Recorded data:
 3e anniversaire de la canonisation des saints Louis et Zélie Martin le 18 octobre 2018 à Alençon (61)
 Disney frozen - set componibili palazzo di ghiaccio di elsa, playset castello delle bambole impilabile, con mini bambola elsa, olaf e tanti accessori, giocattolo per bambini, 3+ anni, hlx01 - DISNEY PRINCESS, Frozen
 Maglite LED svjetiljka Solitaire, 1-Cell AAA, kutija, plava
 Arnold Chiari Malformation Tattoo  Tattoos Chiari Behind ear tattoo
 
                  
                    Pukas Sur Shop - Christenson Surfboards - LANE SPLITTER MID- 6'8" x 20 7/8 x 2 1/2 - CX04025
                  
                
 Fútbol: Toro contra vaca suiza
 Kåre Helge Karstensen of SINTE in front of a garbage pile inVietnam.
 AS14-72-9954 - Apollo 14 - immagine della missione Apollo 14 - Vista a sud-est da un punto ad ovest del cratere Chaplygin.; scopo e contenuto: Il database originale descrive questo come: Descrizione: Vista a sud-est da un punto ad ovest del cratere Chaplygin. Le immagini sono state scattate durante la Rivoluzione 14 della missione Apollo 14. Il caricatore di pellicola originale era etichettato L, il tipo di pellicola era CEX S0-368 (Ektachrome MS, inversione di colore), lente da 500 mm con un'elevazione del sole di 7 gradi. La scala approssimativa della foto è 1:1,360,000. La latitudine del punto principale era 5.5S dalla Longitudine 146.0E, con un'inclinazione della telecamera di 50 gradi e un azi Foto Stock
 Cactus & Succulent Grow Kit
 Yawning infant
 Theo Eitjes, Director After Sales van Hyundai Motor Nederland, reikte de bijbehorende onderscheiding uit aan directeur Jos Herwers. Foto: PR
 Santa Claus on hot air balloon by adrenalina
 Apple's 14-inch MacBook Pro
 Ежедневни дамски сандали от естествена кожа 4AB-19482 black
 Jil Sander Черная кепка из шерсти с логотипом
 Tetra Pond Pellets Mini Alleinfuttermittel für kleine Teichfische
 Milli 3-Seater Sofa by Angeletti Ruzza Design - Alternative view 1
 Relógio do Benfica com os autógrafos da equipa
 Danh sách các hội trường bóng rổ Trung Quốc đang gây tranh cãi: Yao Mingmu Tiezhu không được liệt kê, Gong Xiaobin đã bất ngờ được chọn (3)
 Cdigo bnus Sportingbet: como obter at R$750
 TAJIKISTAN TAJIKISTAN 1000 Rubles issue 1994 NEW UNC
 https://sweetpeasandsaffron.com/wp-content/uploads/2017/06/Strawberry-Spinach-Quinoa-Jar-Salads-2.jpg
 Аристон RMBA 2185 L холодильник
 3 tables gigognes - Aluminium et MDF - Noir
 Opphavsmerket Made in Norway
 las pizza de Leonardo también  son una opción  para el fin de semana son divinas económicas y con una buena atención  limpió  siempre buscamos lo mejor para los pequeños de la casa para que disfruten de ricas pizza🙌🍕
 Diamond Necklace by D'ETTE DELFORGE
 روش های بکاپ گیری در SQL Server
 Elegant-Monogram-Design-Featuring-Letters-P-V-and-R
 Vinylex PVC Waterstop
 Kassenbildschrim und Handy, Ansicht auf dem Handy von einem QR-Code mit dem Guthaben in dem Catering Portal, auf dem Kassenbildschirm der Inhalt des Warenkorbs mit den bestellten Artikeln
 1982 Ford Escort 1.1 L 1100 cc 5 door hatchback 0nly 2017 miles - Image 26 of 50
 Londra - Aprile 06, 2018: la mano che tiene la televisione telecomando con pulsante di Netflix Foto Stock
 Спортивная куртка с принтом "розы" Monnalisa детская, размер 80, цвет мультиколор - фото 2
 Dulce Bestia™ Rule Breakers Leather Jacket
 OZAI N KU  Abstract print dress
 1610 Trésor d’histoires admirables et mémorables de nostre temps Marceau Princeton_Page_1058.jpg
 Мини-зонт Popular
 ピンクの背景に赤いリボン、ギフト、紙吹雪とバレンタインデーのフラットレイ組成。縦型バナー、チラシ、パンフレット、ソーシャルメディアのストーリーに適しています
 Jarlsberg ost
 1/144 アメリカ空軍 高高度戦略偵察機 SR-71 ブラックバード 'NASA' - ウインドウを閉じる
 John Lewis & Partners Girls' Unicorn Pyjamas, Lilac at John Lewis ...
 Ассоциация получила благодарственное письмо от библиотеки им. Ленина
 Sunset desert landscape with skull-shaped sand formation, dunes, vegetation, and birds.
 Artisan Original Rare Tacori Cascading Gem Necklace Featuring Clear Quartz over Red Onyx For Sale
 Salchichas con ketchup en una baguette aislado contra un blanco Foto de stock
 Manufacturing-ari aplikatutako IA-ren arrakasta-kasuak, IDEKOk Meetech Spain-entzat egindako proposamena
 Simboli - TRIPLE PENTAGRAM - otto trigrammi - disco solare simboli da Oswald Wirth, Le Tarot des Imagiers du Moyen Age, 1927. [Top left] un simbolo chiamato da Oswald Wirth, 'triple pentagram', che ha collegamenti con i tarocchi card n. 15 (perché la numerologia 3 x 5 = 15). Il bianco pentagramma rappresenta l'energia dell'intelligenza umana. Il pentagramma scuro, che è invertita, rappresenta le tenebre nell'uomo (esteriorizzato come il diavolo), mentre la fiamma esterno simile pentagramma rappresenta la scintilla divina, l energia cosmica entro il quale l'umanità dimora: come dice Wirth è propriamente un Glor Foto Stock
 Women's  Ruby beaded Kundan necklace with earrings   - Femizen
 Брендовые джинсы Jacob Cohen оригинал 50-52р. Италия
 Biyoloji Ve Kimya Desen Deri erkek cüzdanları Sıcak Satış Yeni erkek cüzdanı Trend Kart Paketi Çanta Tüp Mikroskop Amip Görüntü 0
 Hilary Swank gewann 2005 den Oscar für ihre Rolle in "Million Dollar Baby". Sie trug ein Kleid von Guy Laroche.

Exercise prompt:
Using the data above, show each line where "contra" occurs.

Response:
 Fútbol: Toro contra vaca suiza
 Salchichas con ketchup en una baguette aislado contra un blanco Foto de stock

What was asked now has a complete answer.